Shoulder pain hard to pin down?

Shoulder pain can be difficult to assess as symptoms and signs often overlap and frequently evolve over time. To assist us in diagnosing shoulder pain, we generally try to group symptoms and signs into patterns.

First of all, consider the demographic of your patient. Are they middle-aged, diabetic and not particularly active - in which case a capsulitis might be more common – or a tradie who hits the gym, in which case rotator cuff/impingement or AC joint problems would be more likely?

Consider also the history. Has there been a genuine acute injury or a more gradual onset of pain? Remember that what seems like a low energy injury (such as reaching into the back seat of the car, or having the dog pull on its lead) can actually be the initial manifestation of pain in a capsulitis.

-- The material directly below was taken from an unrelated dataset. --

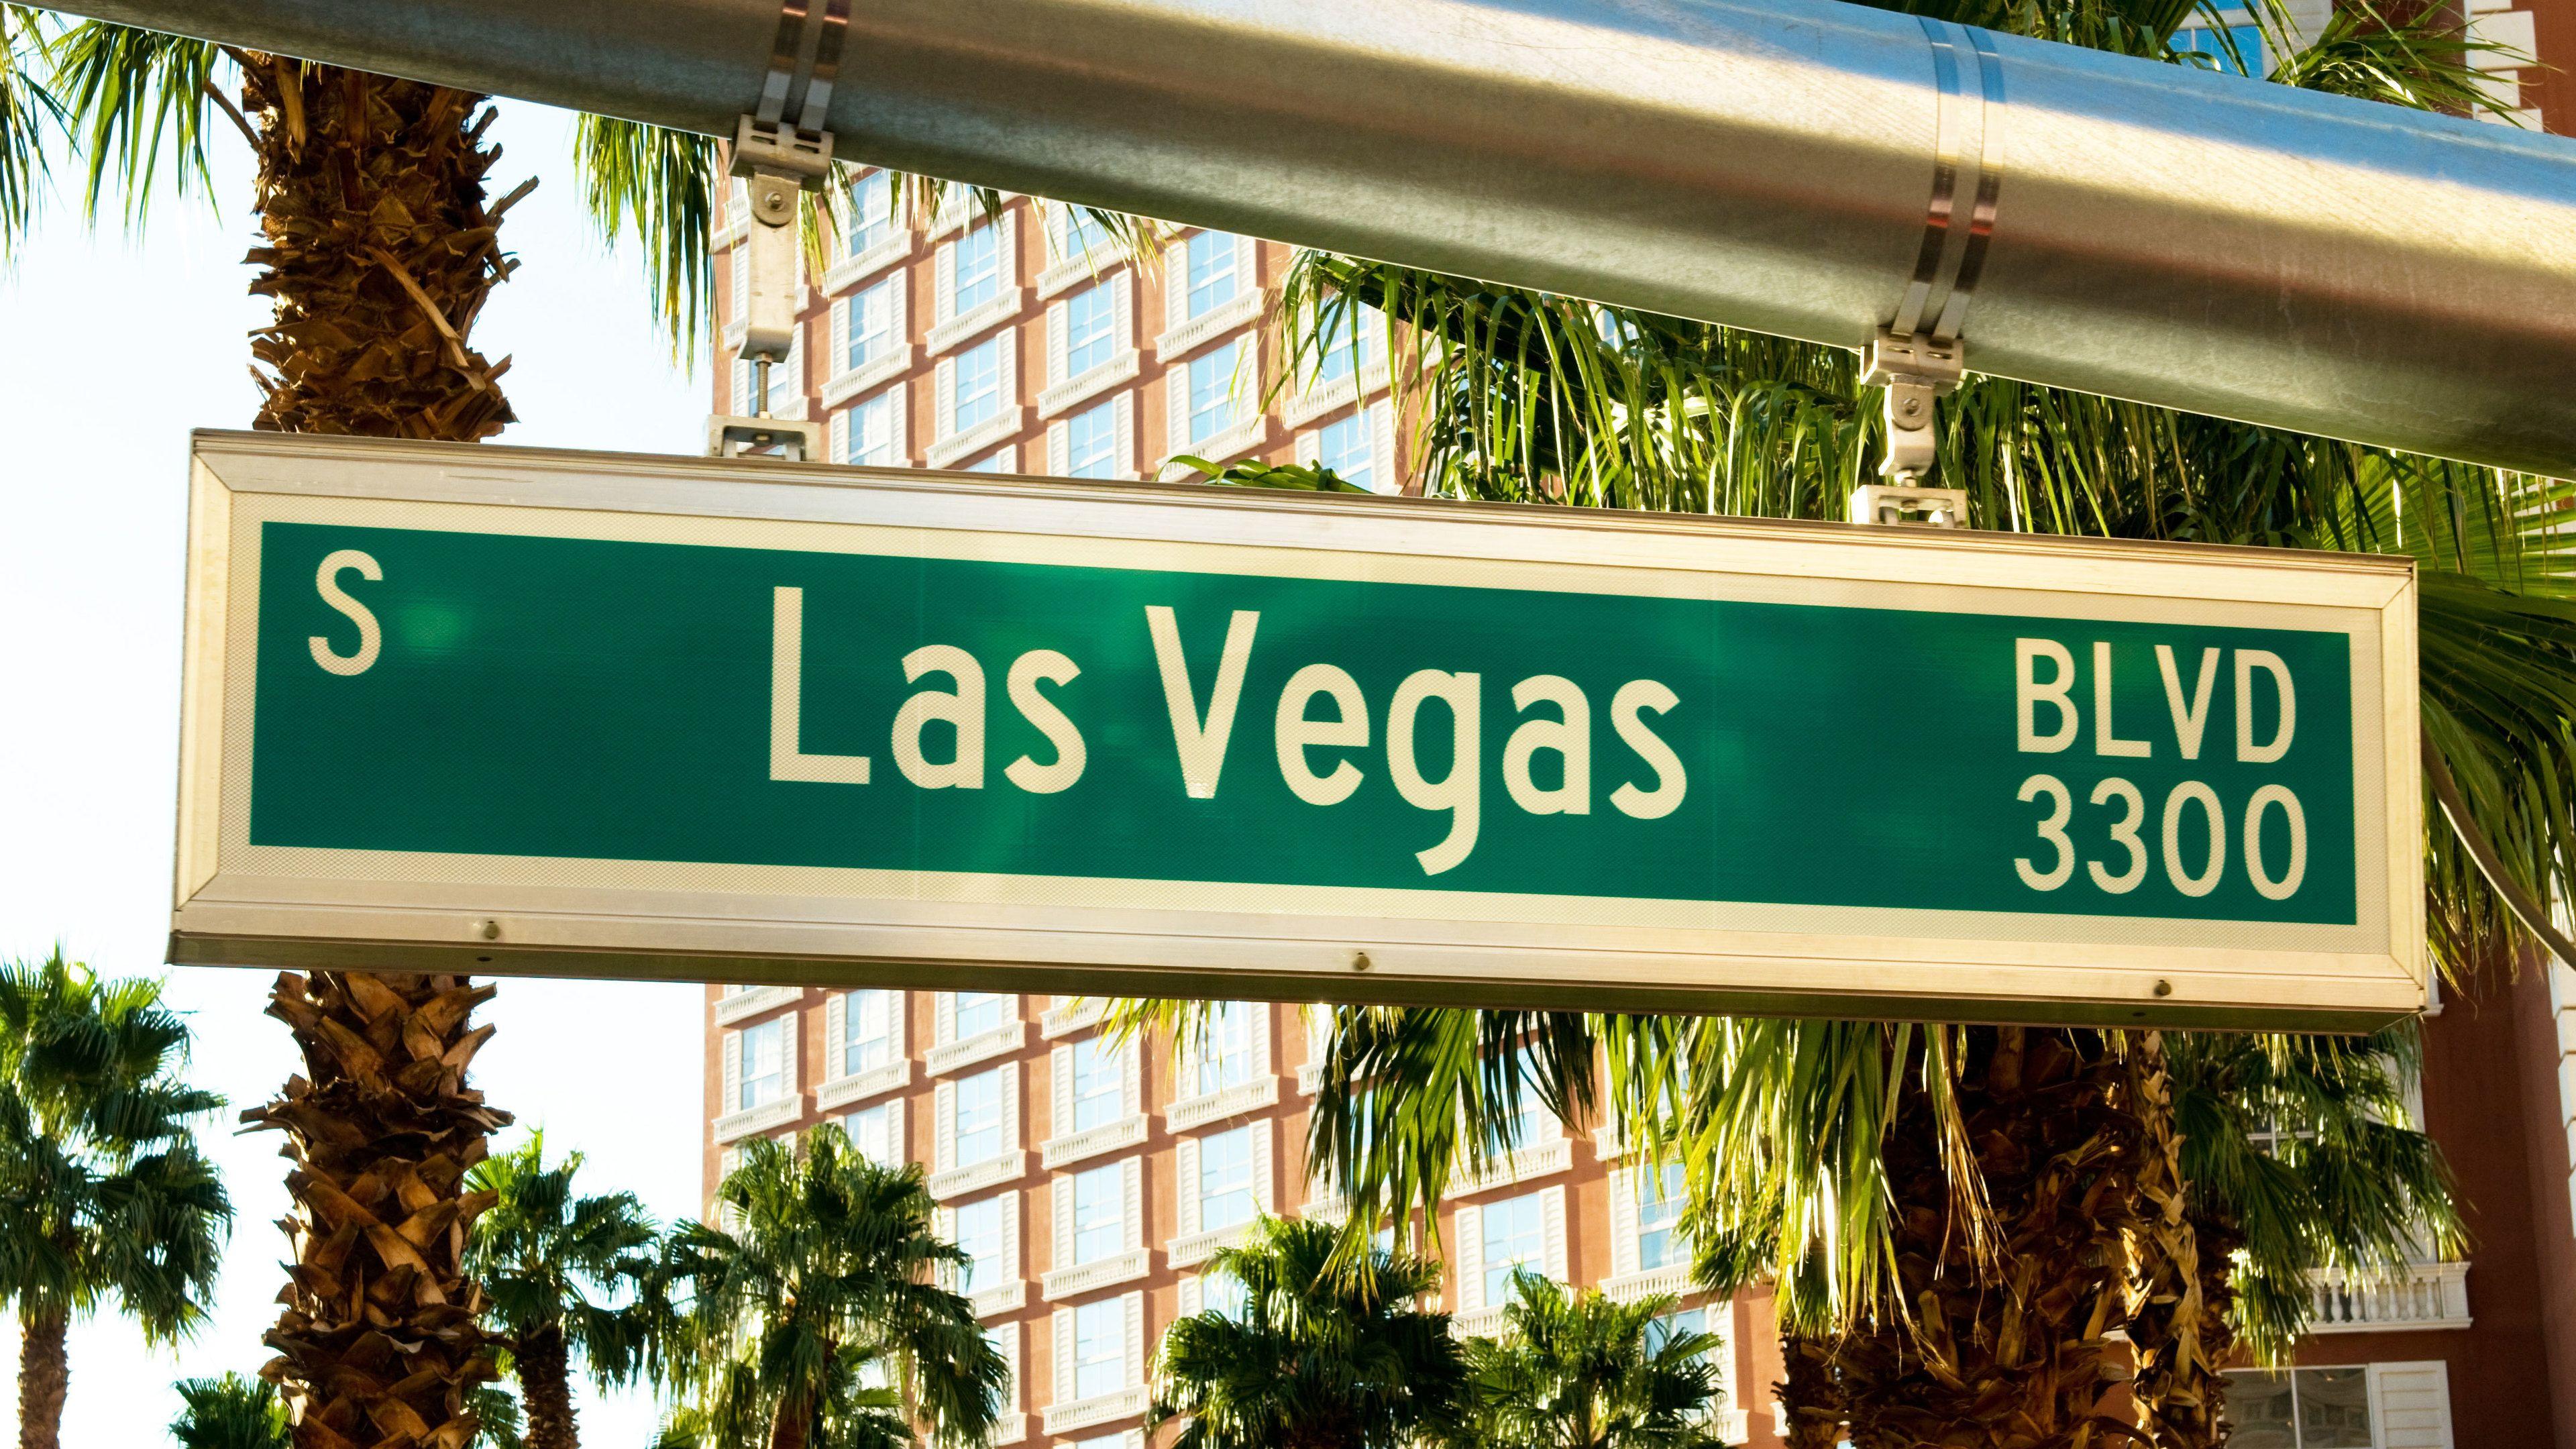 Las Vegas Blvd sign

The site of pain can be a clue. Glenohumeral pain is often felt in the upper arm and may radiate in a non-dermatomal fashion down toward the hand. AC joint pain is typically felt through the top of the shoulder. A cervical nerve root may radiate pain into the medial scapular region.

With regard to examination, consider the following patterns:

  1. Subacromial/cuff pain: pain at midrange (painful arc) and impingement tests, with pain +/- weakness on resisted cuff testing.
  2. Glenohumeral pain/capsulitis: pain radiating from the deltoid down the upper arm, worse at end range rotation (especially reaching into the AbER position or behind the back), possibly with stiffness evolving over time.
  3. AC joint pain: pain at the top of the shoulder, worse at end range flexion/abduction and cross-body adduction with asymmetrical AC joint tenderness, reproducing their pain.
  4. Cervical referral: pain reproduced by neck movement (usually extension) with or without dermatomal referral.

Bear in mind some signs will overlap. Impingement tests are often painful in a capsulitis, while cuff testing (and especially reaching behind the back) is often provocative of AC joint pain.

Radiology is an area which is frequently misunderstood. Bursitis is over diagnosed, as evidenced by the large number of people who receive an ultrasound-guided injection into the bursa, without any improvement in their pain whatsoever. Bursal thickening is common in overhead athletes and workers, and in many cases can be considered analogous to the thickening of the skin on the palms that occurs with habitual weight training. A bursal effusion can be seen in capsulitis. While a bursa may be seen to “impinge” on an ultrasound, this doesn’t necessarily mean it is the cause of pain.

Similarly, rotator cuff changes are common with advancing years, and it can be challenging to work out exactly what is symptomatic. The importance of a good history and examination cannot be overstated with regard to the interpretation of radiological findings.

Bear in mind that the patient only gets one ACC-funded injection per claim without needing further approval. Many patients have their “free” injection given into the bursa, only to have difficulty accessing a glenohumeral injection when their “bursitis” turns out to be capsular pain.

Plain x-rays are often overlooked but do play an important role in exploring the differential diagnosis in shoulder pain.

In summary, shoulder pain can seem difficult to pin down, and it is common to feel as if you are chasing your tail diagnostically. Observing how the patient evolves over time and observing clinical patterns in the manner described above can be helpful.